Edmund, como quase todos os homens, é assim, se eu não falar exatamente o que quero que ele faça ele não tem a capacidade de adivinhar exatamente o que espero que ele faça. Geralmente eu faço drama e espero que ele adivinhe, naquele momento minha vida estava em risco, eu não podia esperar.
Finalmente ele saiu da areia e me ajudou a sair também, antes que fosse tragada pelo habitat das tatuíras. Por que elas também não afundam? Não sei, pergunte a elas. Bem, esse é o primeiro capítulo de meu longo passeio de dois dias pela praia. Foi um fim-de-semana inesquecível.
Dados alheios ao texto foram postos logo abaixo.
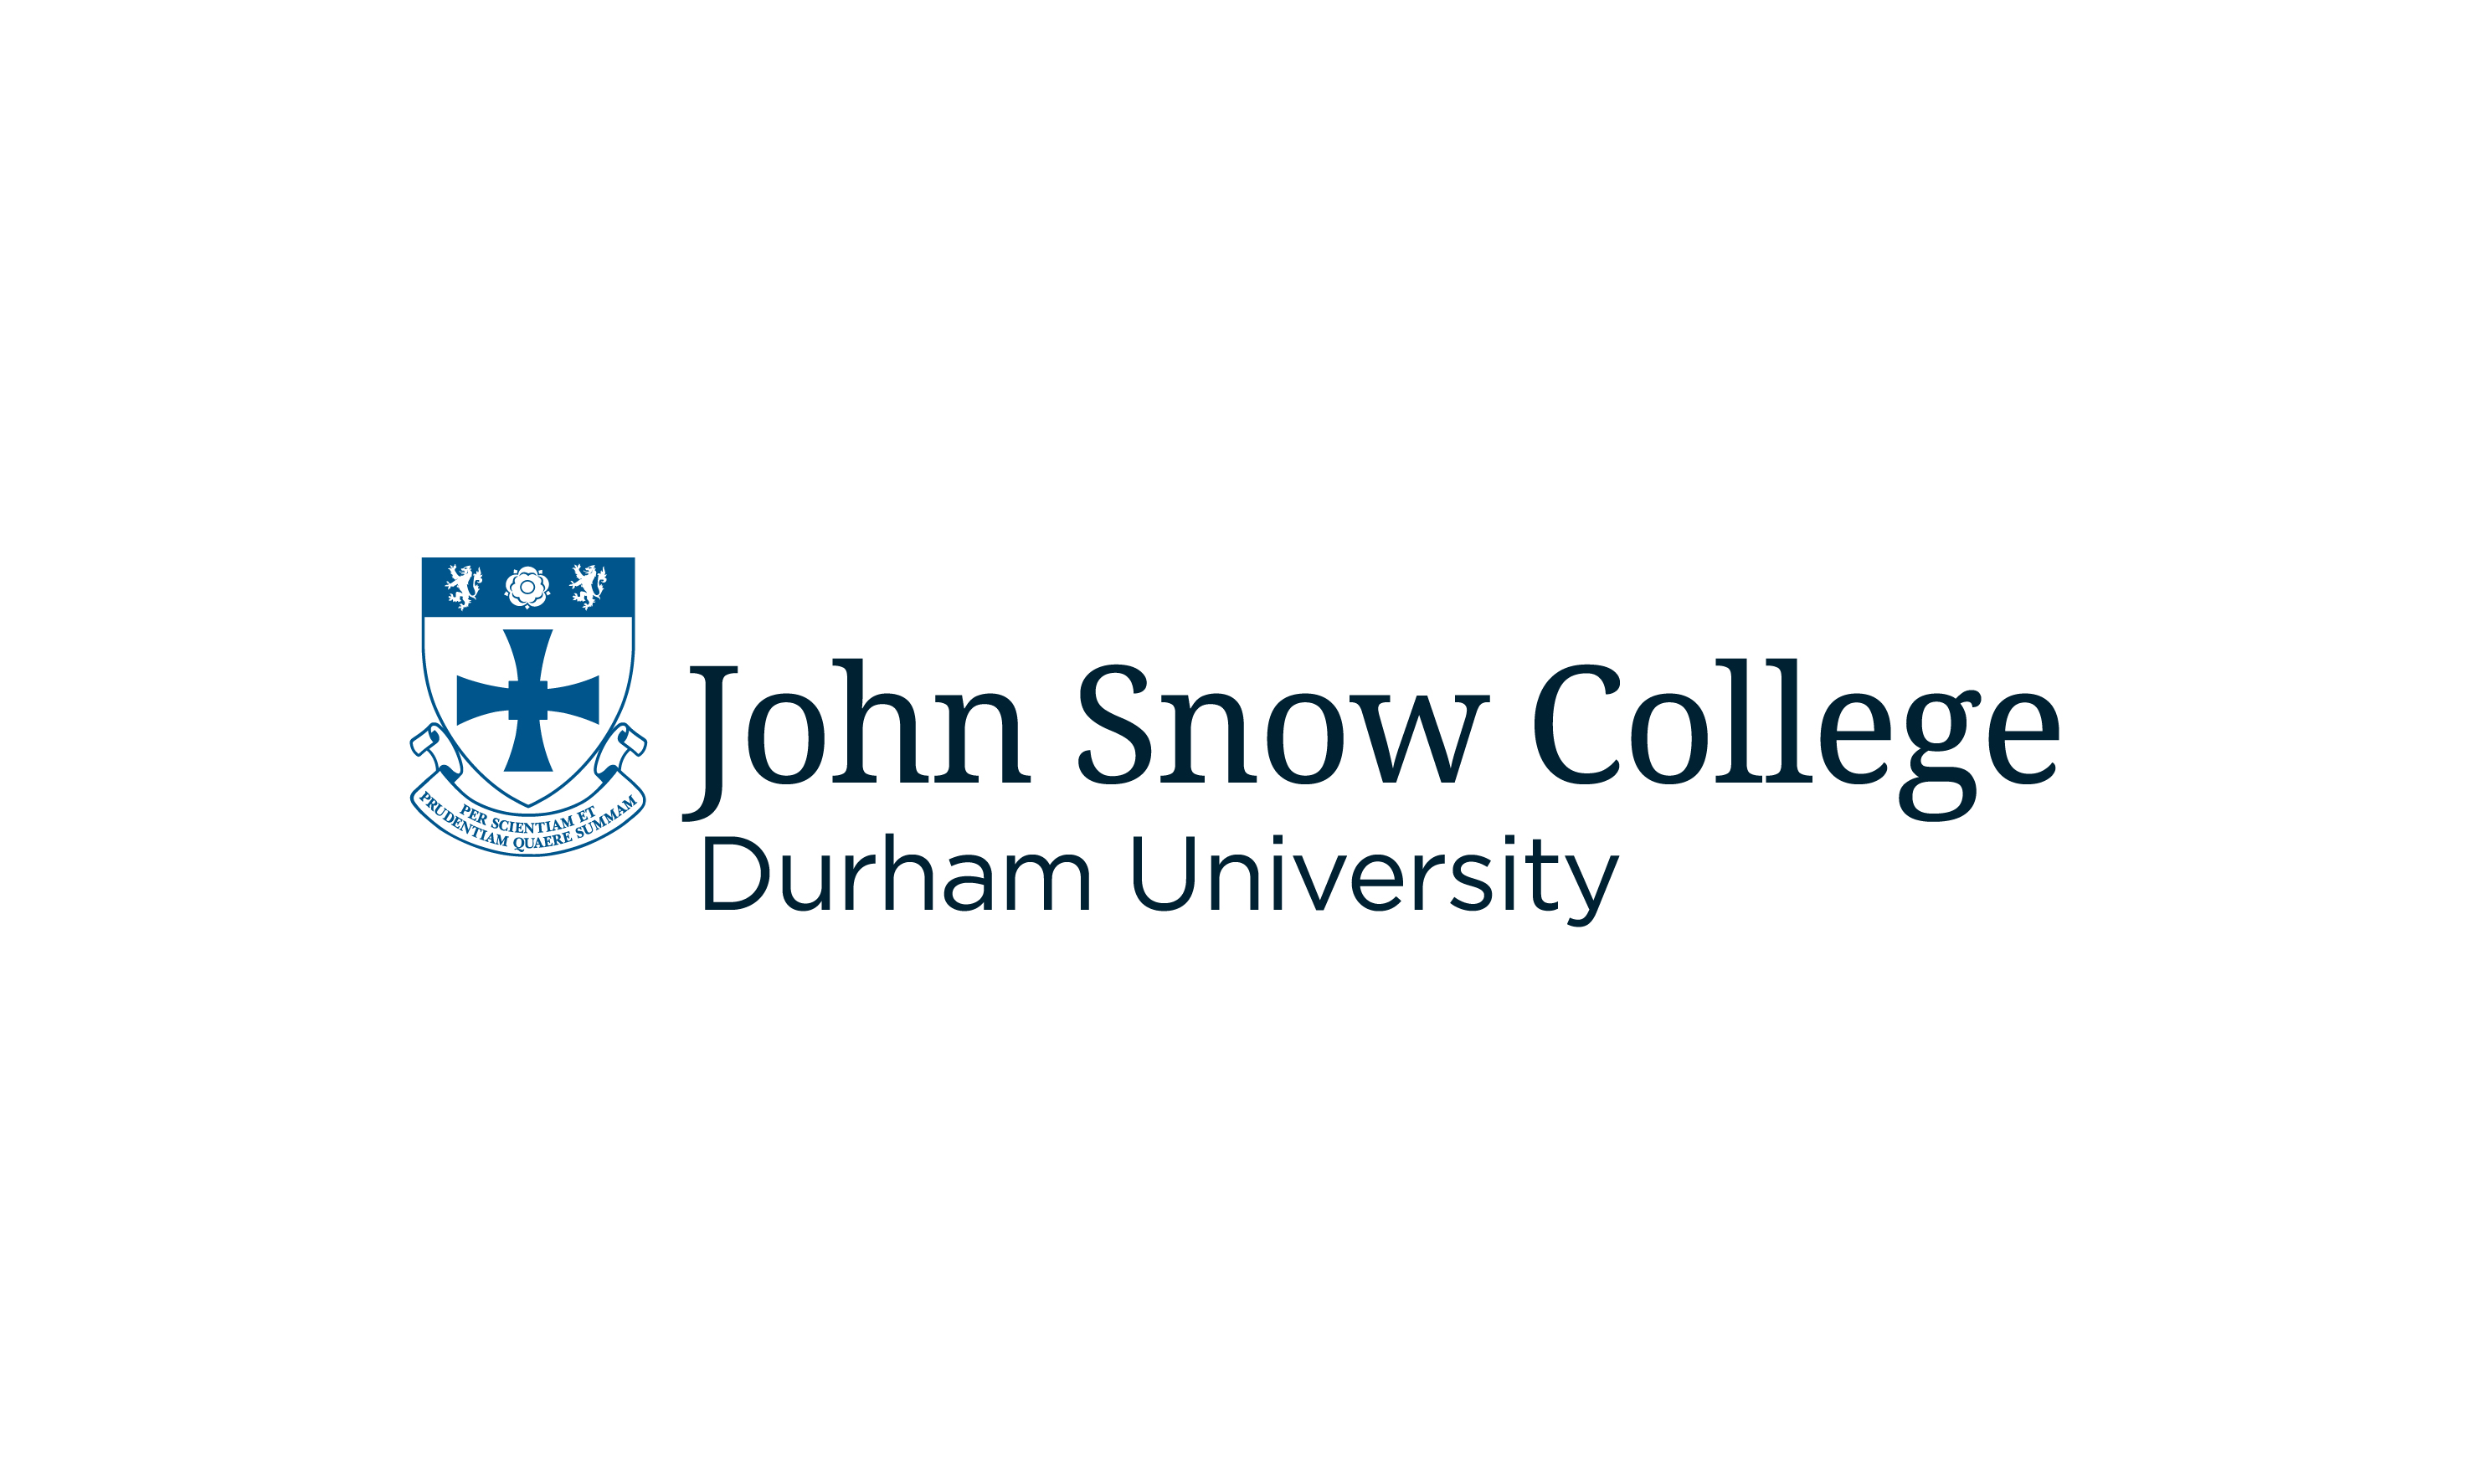 John Snow College gowns - non JCR member

Continua no próximo post
PS: Gostaria de agradecer aos leitores deste blog que me deram apoio no post do dia 23 e fizeram com que ele fosse o mais comentado de minha carreira neste blog. Apesar de me sentir horrível por expôr minha carência patética naquele post, fico bastante feliz ao ver que vocês ainda estão por aqui e manifestaram suas agradáveis presenças nos comments, conforme eu (ridiculamente, eu sei) tanto precisava. Me enchi de ânimo ao ler suas tão incentivadoras mensagens e escrevi o texto de hoje, já preparando o segundo capítulo do meu final de semana na praia com Edmund. Respeitosos abraços a todos os amigos.